## ACTION ITEM
Could you copy word for word only the lines between the one containing "Hong Kong SAR" and the end of the listing below, both included, and leave out the pictures?

## COLLECTED MATERIAL
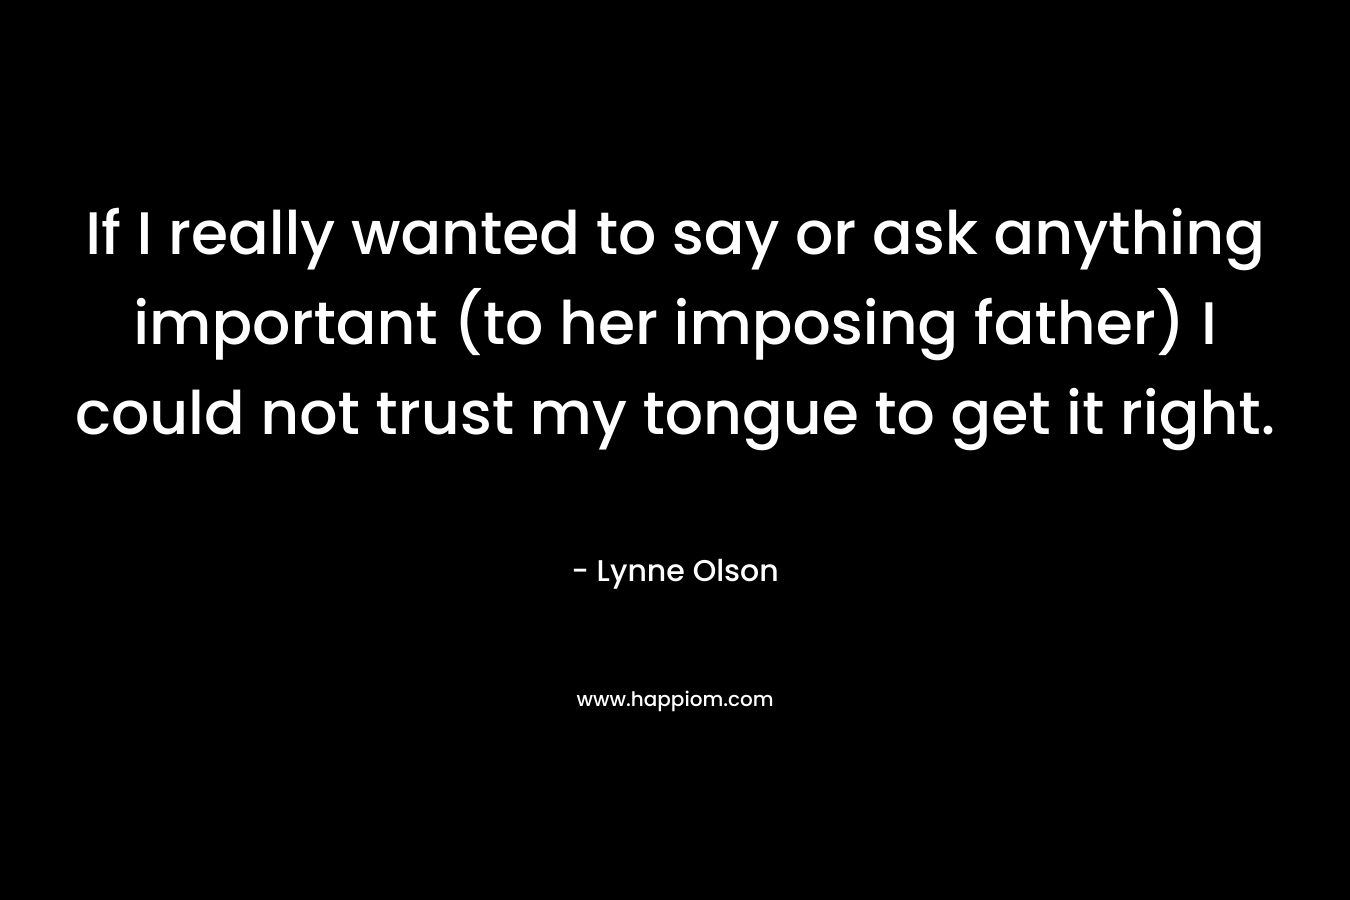 If I really wanted to say or ask anything important (to her imposing father) I could not trust my tongue to get it right. – Lynne Olson
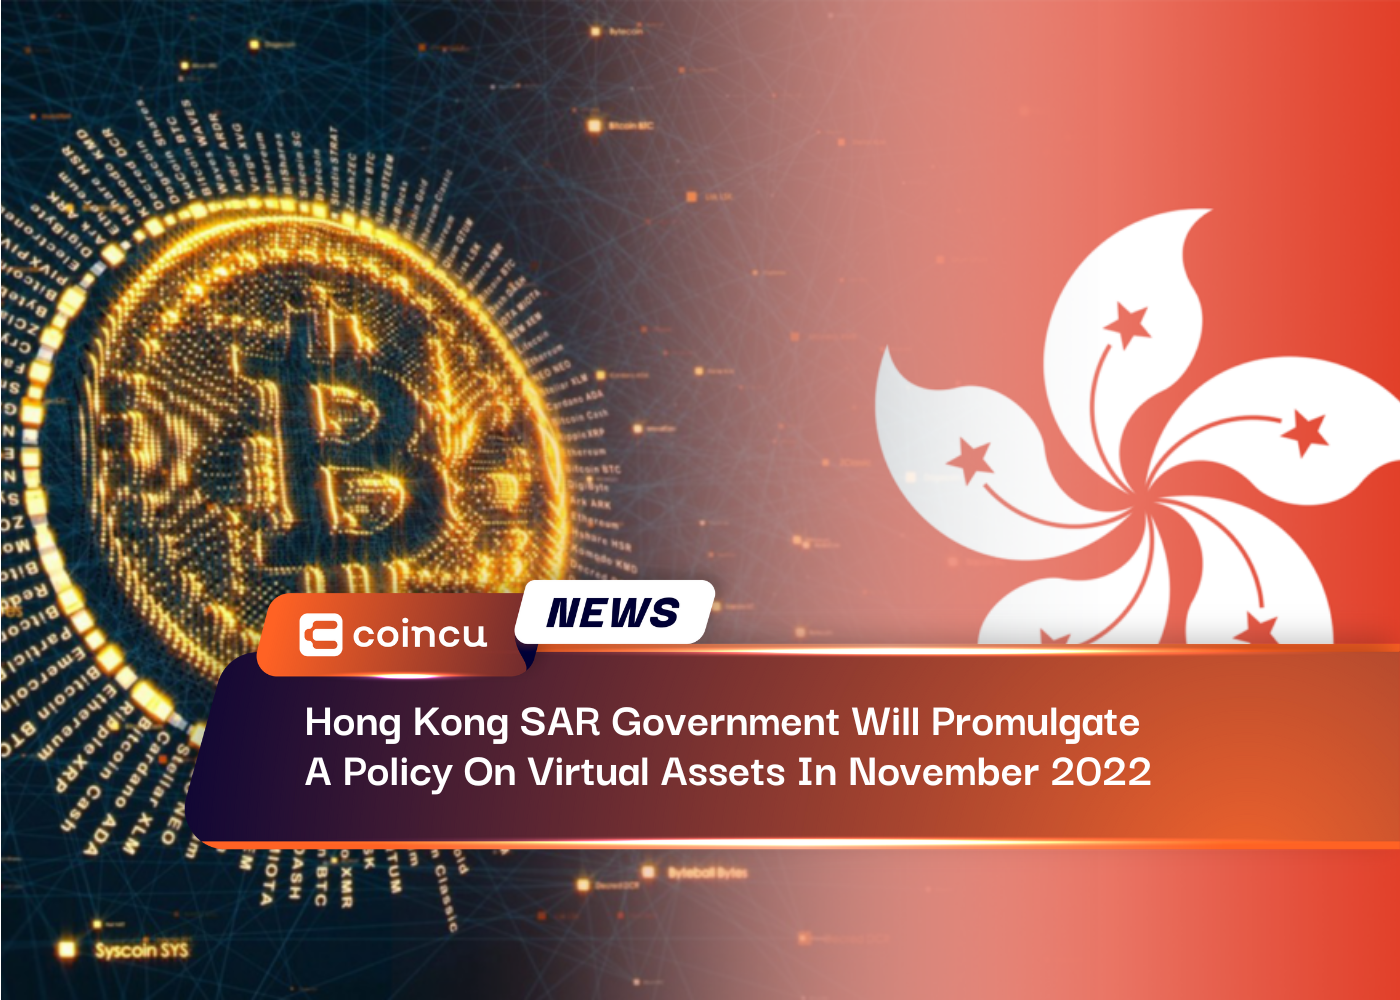 Hong Kong SAR Government Will Promulgate A Policy On Virtual Assets In November 2022
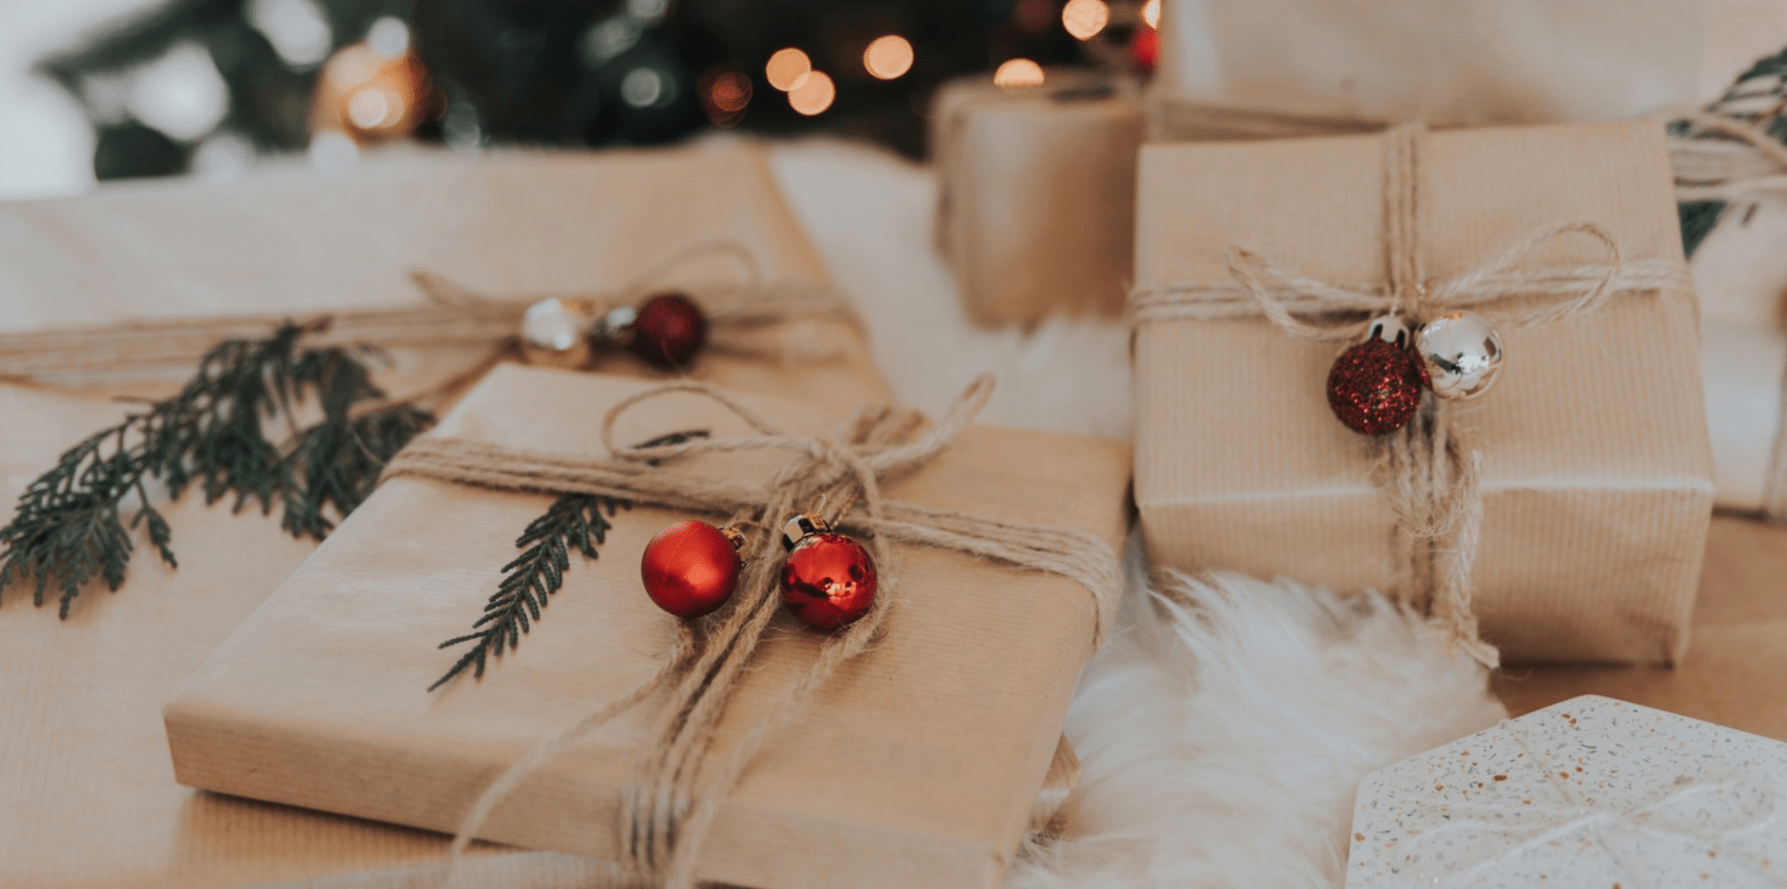 The Essential Guide to Hosting Christmas - Lumitory

## ANSWER AREA
 Hong Kong SAR Government Will Promulgate A Policy On Virtual Assets In November 2022
 The Essential Guide to Hosting Christmas - Lumitory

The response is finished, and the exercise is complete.